Her morning routine pairs a love of tea with a passion for supporting local businesses—which Greene says is especially important during the COVID-19 pandemic.

“You can buy something on Amazon, but Amazon isn’t going to help you out when your child is in soccer and you need a donation for the soccer club,” she adds.

The newly-elected MLA for Richmond-Steveston was raised in the neighbourhood, having attended Diefenbaker elementary and Boyd secondary schools. As a youngster, she remembers going to the end of Trites Road to pick blackberries, which her family would then make into pie and jam.

A member of several ‘buddy’ clubs in elementary school, where she helped supervise and look after younger grades, Greene says she joined “pretty much all the clubs” in high school.

“We had a little convenience store at Hugh Boyd—we called it ‘Hugh’s.’ We were the class that opened it, and I was one of the leaders on that project,” she says. “We (also) had the greenhouse users group, we did a lot of plant activities in the little greenhouse in the back of one of the science labs, and that was fun.” 

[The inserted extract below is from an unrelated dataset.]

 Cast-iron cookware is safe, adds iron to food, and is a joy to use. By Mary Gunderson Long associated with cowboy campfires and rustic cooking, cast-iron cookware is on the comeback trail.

Growing up, Greene definitely didn’t envision a future in politics. In Kindergarten, she wanted to be a teacher. By the time she finished high school, her goal had shifted to being a novelist. 

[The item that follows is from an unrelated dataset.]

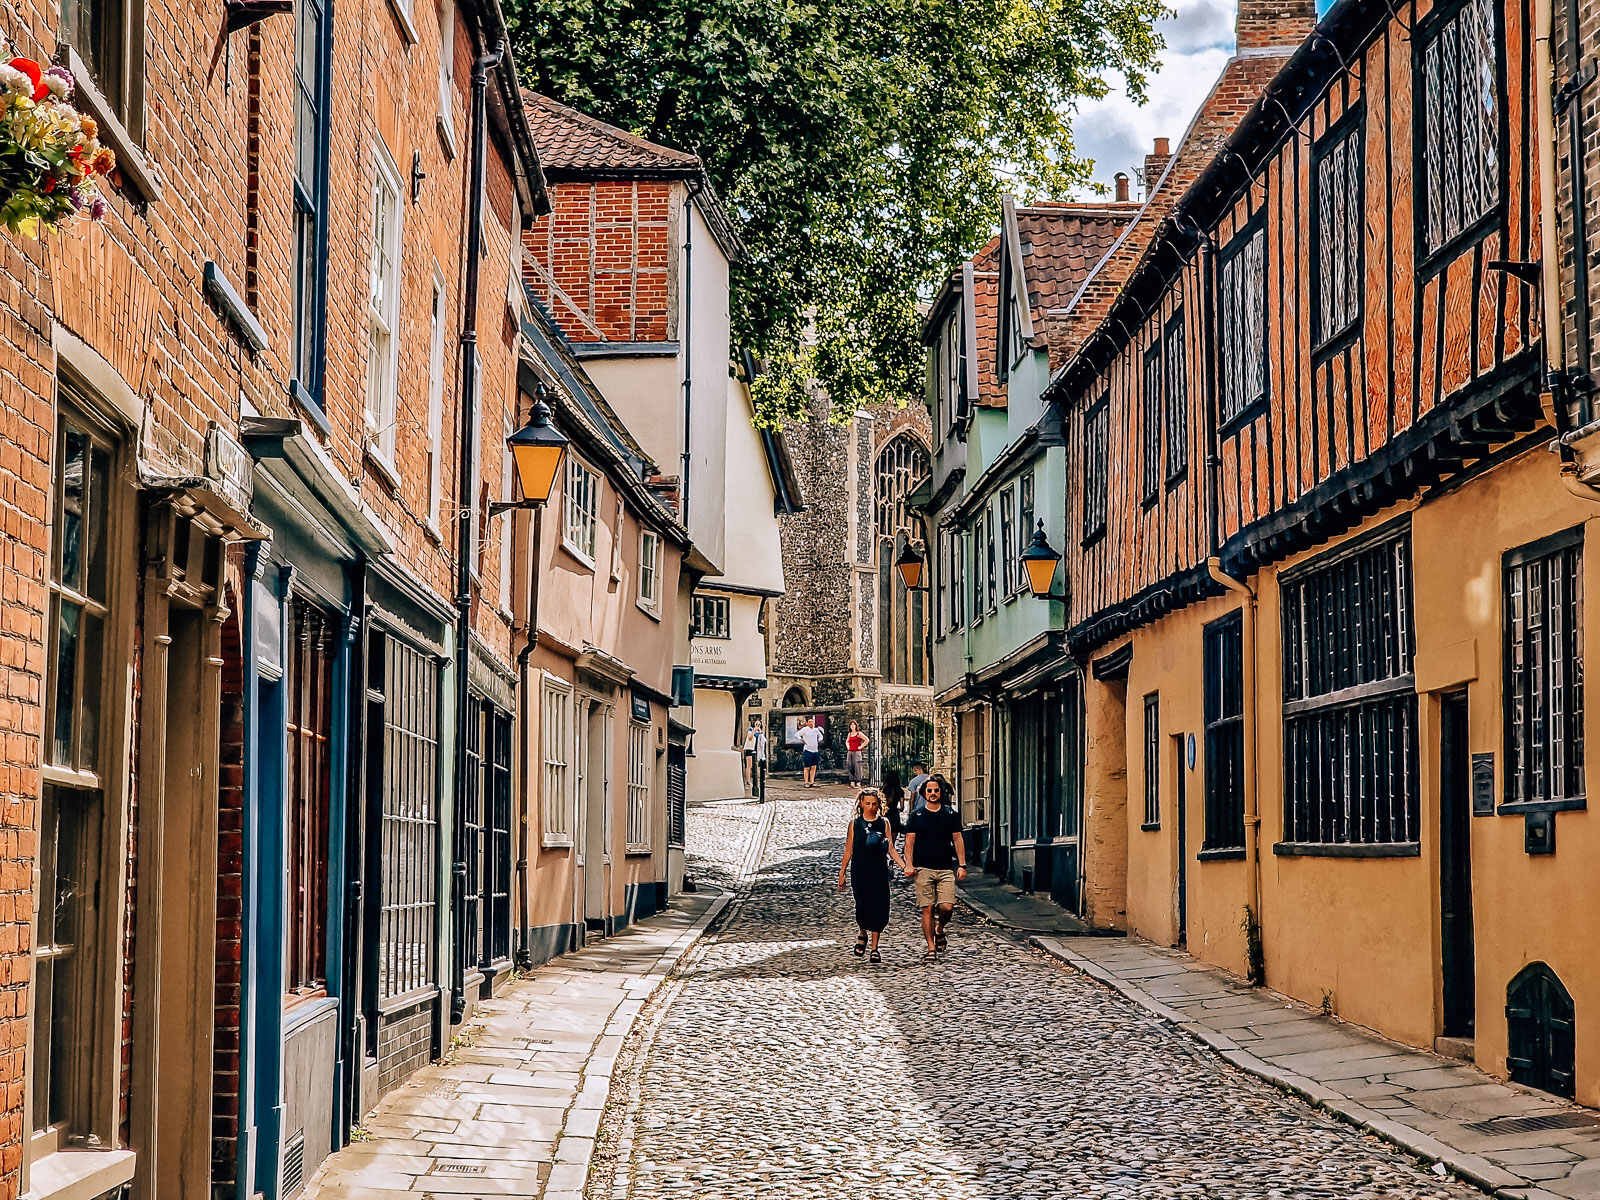 A cobbled street lined with timber frame houses nd a church visible at the end of the street in Elm Hill Norwich on a England weekend away

“I really hadn’t thought about politics as something I would do. Politics always seemed like something somebody else did,” she says.

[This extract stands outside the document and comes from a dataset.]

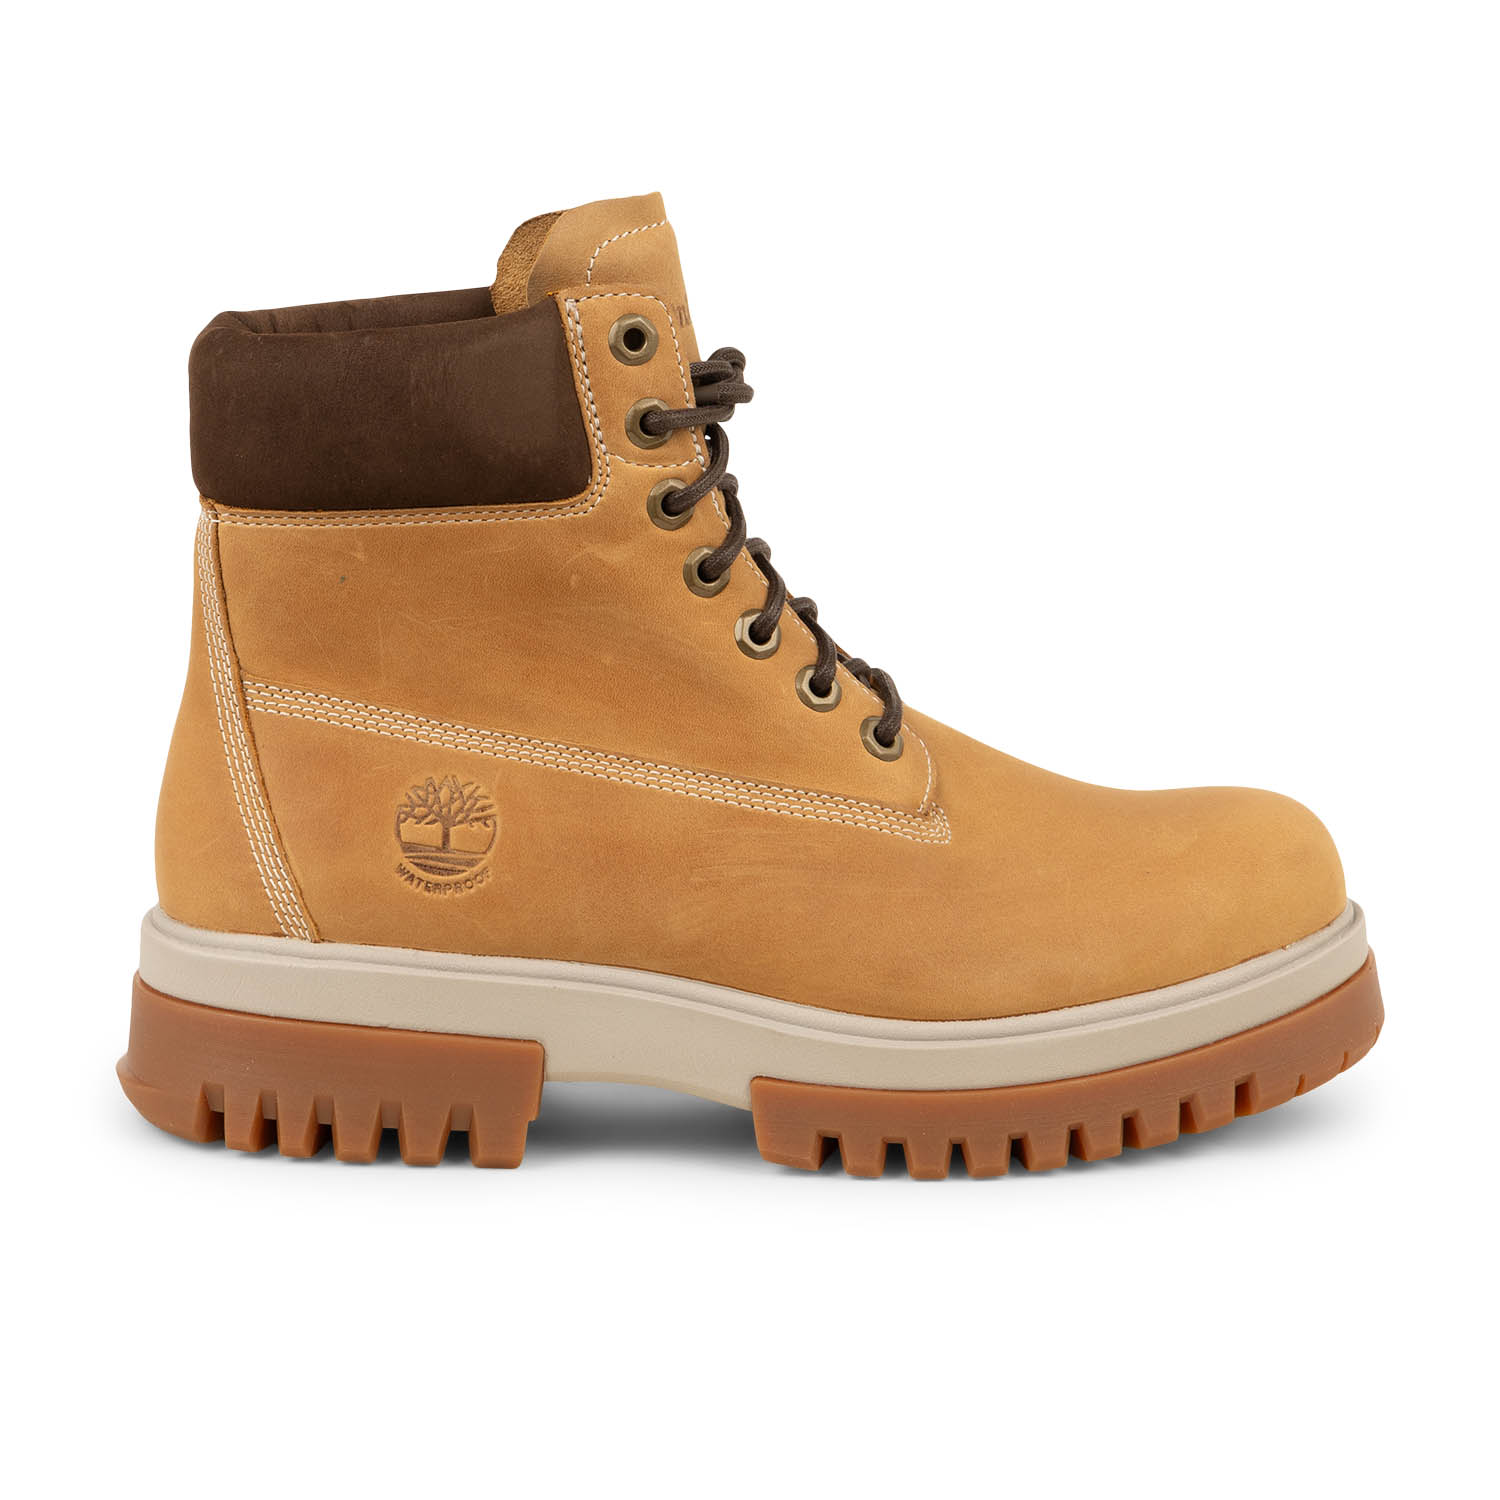 01 - ARBOR ROAD - TIMBERLAND - Boots et bottines - Cuir

Greene first became involved with politics in 2016 as part of a parent group that formed in response to the Richmond school closures and then became active in the community. At the time, she was a stay-at-home mom with an infant.

“If you want to talk about juggling priorities and multitasking, that was it,” she says with a laugh.

Greene’s community advocacy for education led her to seek election as an MLA in the 2017 provincial election, where she came second to incumbent BC Liberal MLA John Yap in the Richmond-Steveston riding. She was subsequently elected as a city councillor, a role she has held since 2018. Since then, she’s learned many lessons, the most important of which is to ask questions, she says.

She and her husband are parents to three young children, raising them in the same neighbourhood they remember exploring as kids. 

“My husband’s grandma used to live in Steveston. They would ride their bikes in, and get fish and chips, and fly their kite at Garry Point,” Greene says. “And that’s the same thing we can do with our kids today, decades later: riding our bikes into Steveston, and going to the library, and getting some donuts, and going for a walk on the boardwalk. Those are still things that the kids love and they’re going to remember that when they’re older.”

She describes Steveston as having a strong sense of community, and lists Garry Point and Dave’s Fish and Chips as favourite spots. She’s also passionate about protecting the environment, and loves camping with her family. The responsibility of leaving a place better than you found it is something Greene learned from her parents, who she says “have always done a really good job of explaining that we’re responsible for more than just ourselves.”

Another thing she picked up from her parents was a strong sense of family and support. As a parent, she is keen to pass along some skills and interests to her kids, including her love of reading. She also enjoys cooking and baking, both “foundational” family recipes and experimenting with new ones. And she’s an avid gardener.

“I like to grow things that I can eat, and I think it’s a great learning experience for the kids,” she says. “They really learn where food comes from—it doesn’t come from a cellophane package.”

In her spare time, she enjoys hanging out with her husband and watching comedy on TV, “because life is hard, and it’s nice to have a laugh.”

Recently they’ve also been building things out of Lego, which is a favourite pastime of her kids.

“They particularly love it when Mommy and Daddy build them something cool, and then they wake up in the morning and there’s something cool on the coffee table that they can play with,” she says.

In terms of a potential political future, she says she focuses on the here and now—trying to make Richmond and BC the best it can be at this time. But the motivation behind Greene’s dedication to her community is clear: she wants to see positive change.

“A lot of moms think, ‘somebody needs to do this.’ At a certain point, that somebody is you.”